[OpenIndiana-discuss] I figured this deserved a separate thread
Gabriel de la Cruz
gabriel.delacruz at gmail.com
Fri Nov 5 17:43:42 UTC 2010
Well, as an example gentoo does not separate the distros, you select a
system profile (server, desktop, hardened...), and the system masks packages
depending on that profile and ensure dependency checks... If the user needs
to fetch a package that is masked (lets say instaling a desktop package on a
server profiled system) or a package with an old revision (lets say a
desktop wants a very stable revision of something), you can jump those
What is a real pain in gentoo is that (since it is source based, you fetch
the sources and the system compiles them) the dependencies are rather
complicated, some things wont build so easily in this or that architecture
depending on dependencies, compiler versions ect... so when you violate the
profile norms feels almost like cheating the matrix, and unless you are
careful you can drag your self into a week worth of extra work. But in
theory, the approach might work on a binary distro if kept simple.
But gentoo is the black-hole that sucks your life time into OS related
issues, not recomended if you have social life. (joke, but there is some
truth on it)
I am not even suggesting to use such method, but came to my mind after
reading last post.
On Fri, Nov 5, 2010 at 7:22 PM, Nathan Evans <ndickinson.evans at gmail.com>wrote:
> On 5 November 2010 13:05, Nikola M <minikola at gmail.com> wrote:
> > Christopher Chan wrote:
> > > Ubuntu is currently one big mess and their LTS release policies are
> > > laughable. Yeah, I have a stable version of Pidgin but it did not do
> > > Yahoo anymore on Hardy well before Lucid got released.
> > */Starting ubuntu part../
> > Hi,
> > I also used to use ubuntu Hardy and I used GetDeb.net software
> > repository for new software for LTS release.
> > But problem with that is that people maintaining GetDeb, also chaised
> > newest Ubuntu release, too, so it was just to pospone and extend
> > lifecycle of LTS with newer apps till next LTS.
> > At the end, I ended up downloading .dsc tar.gz and diff.gz files for
> > newer packages from newer ubuntu releases and compiling it themselves.
> > And sometimes i coould satisfy dependencies (with also compiling newer
> > libraries from newer release etc) but at the end, it came to a halt
> > because ever newer apps nedded updates of some core libraries that
> > required.. OS update. So I basically got stuck to latest available app I
> > could compile as package.
> > Then there was PPA (personal package archives) with packages of newer
> > programs and if you ask them nicely, they were making packages, for
> > older LTS, too.
> > And Finally I started downloading and using .tar.gz compiled binary
> > programs from project sites and that was just about when new LTS came.

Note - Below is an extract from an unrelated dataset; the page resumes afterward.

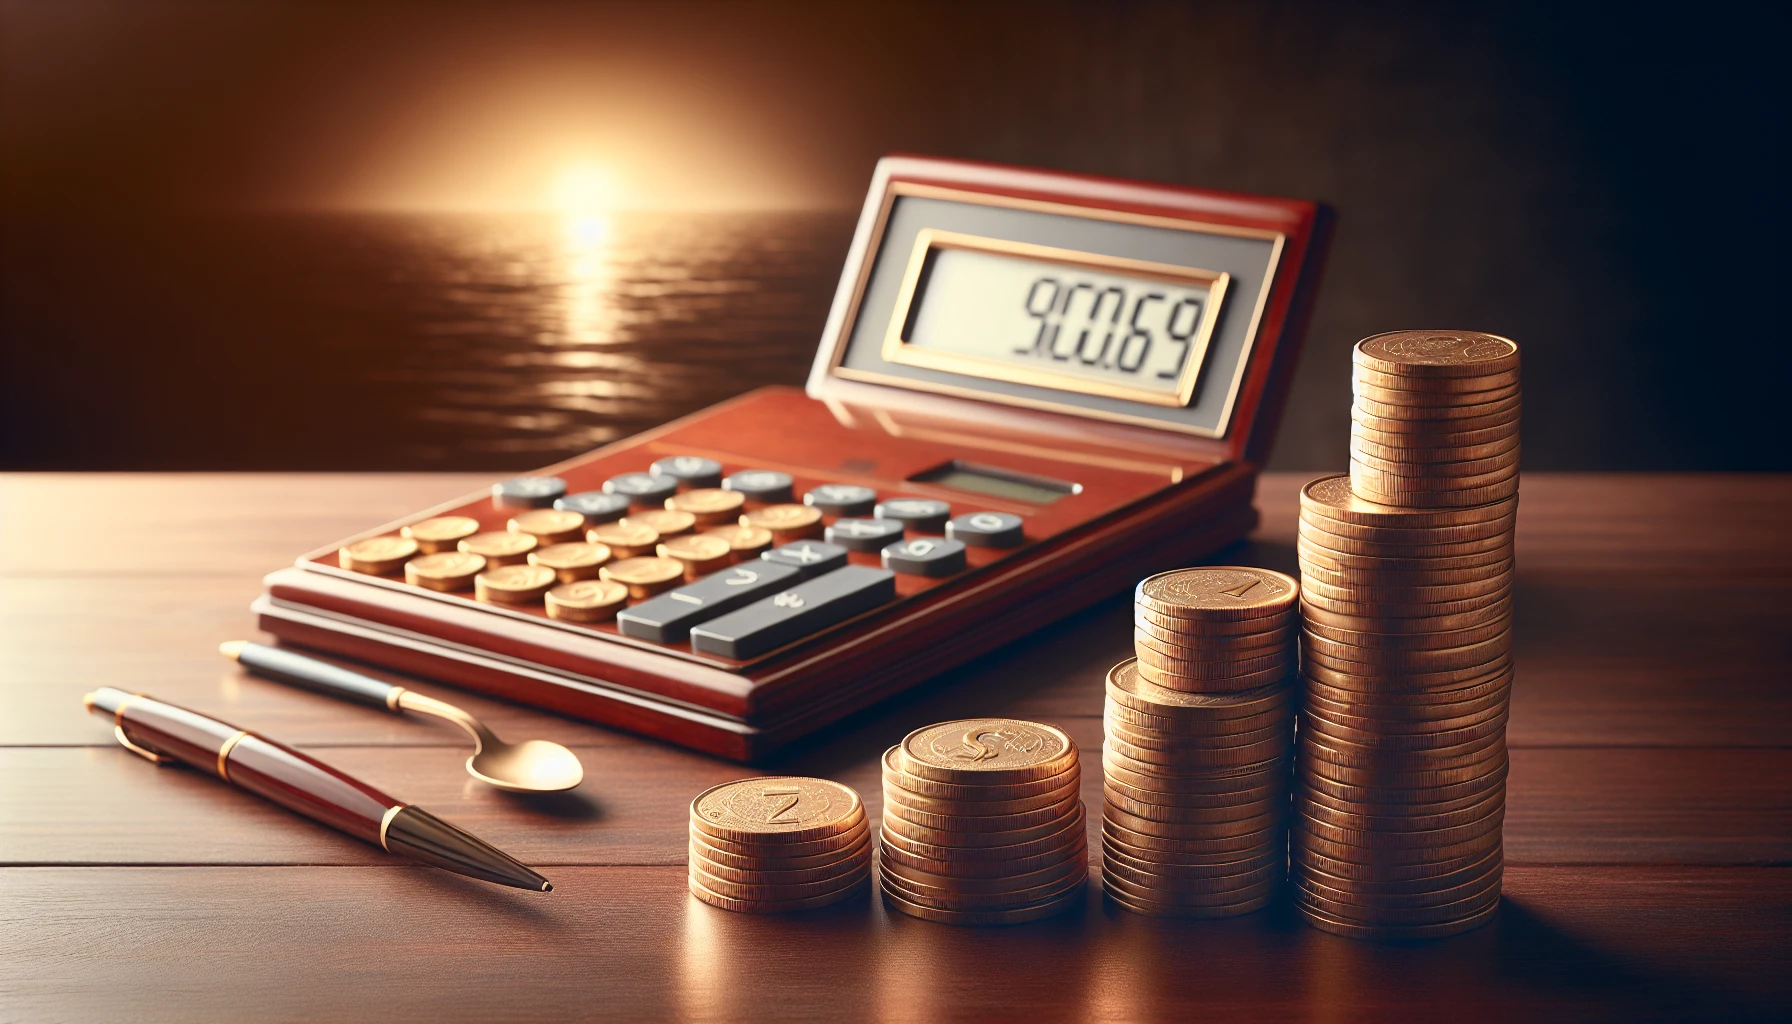 Retirement planning concept with coins and a calculator

> > */..Ending Ubuntu part/
> > So, About OpenIndiana/Illumos I can conclude this:
> > For desktop use it is better to have newer distribution/system, even if
> > it brings some instability on application level (update of newest
> > security-patched web browser, Office, mail client, etc)
> > but it is mostly important to have Core OS updated and security patched.
> Instability in production is always a problem thats why some distributions
> release stable and unstable.
> > I measure quality of free software distribution, by that how much is it
> > able to use all newest app with no need to question Core OS update.
> > And I think that its binary compatibility, OpenSolaris Based
> > distributions have much better starting position for this matter,
> > providing community is big enough and continues to grow, for both
> > Server/CoreOS use and Desktop use with newest applications and
> > desktop/drivers.
> Thats great on a desktop, and thats why server/desktop distributions should
> be separate.
> > So As I understand Server user/CoreOS is function of usability, new
> > technologies and mainstream use for the things iluumos based
> > distributions and OpenIndiana are used.
> > Desktop use rely on CoreOS is usable and running and simly compose
> > itself of Newest packaging of applications, fine-tuning user experience
> > (Everyone wants to see how OS "looks like" graphically and those things
> > interesting for laptops.
> > So I think OpenIndiana is on right course.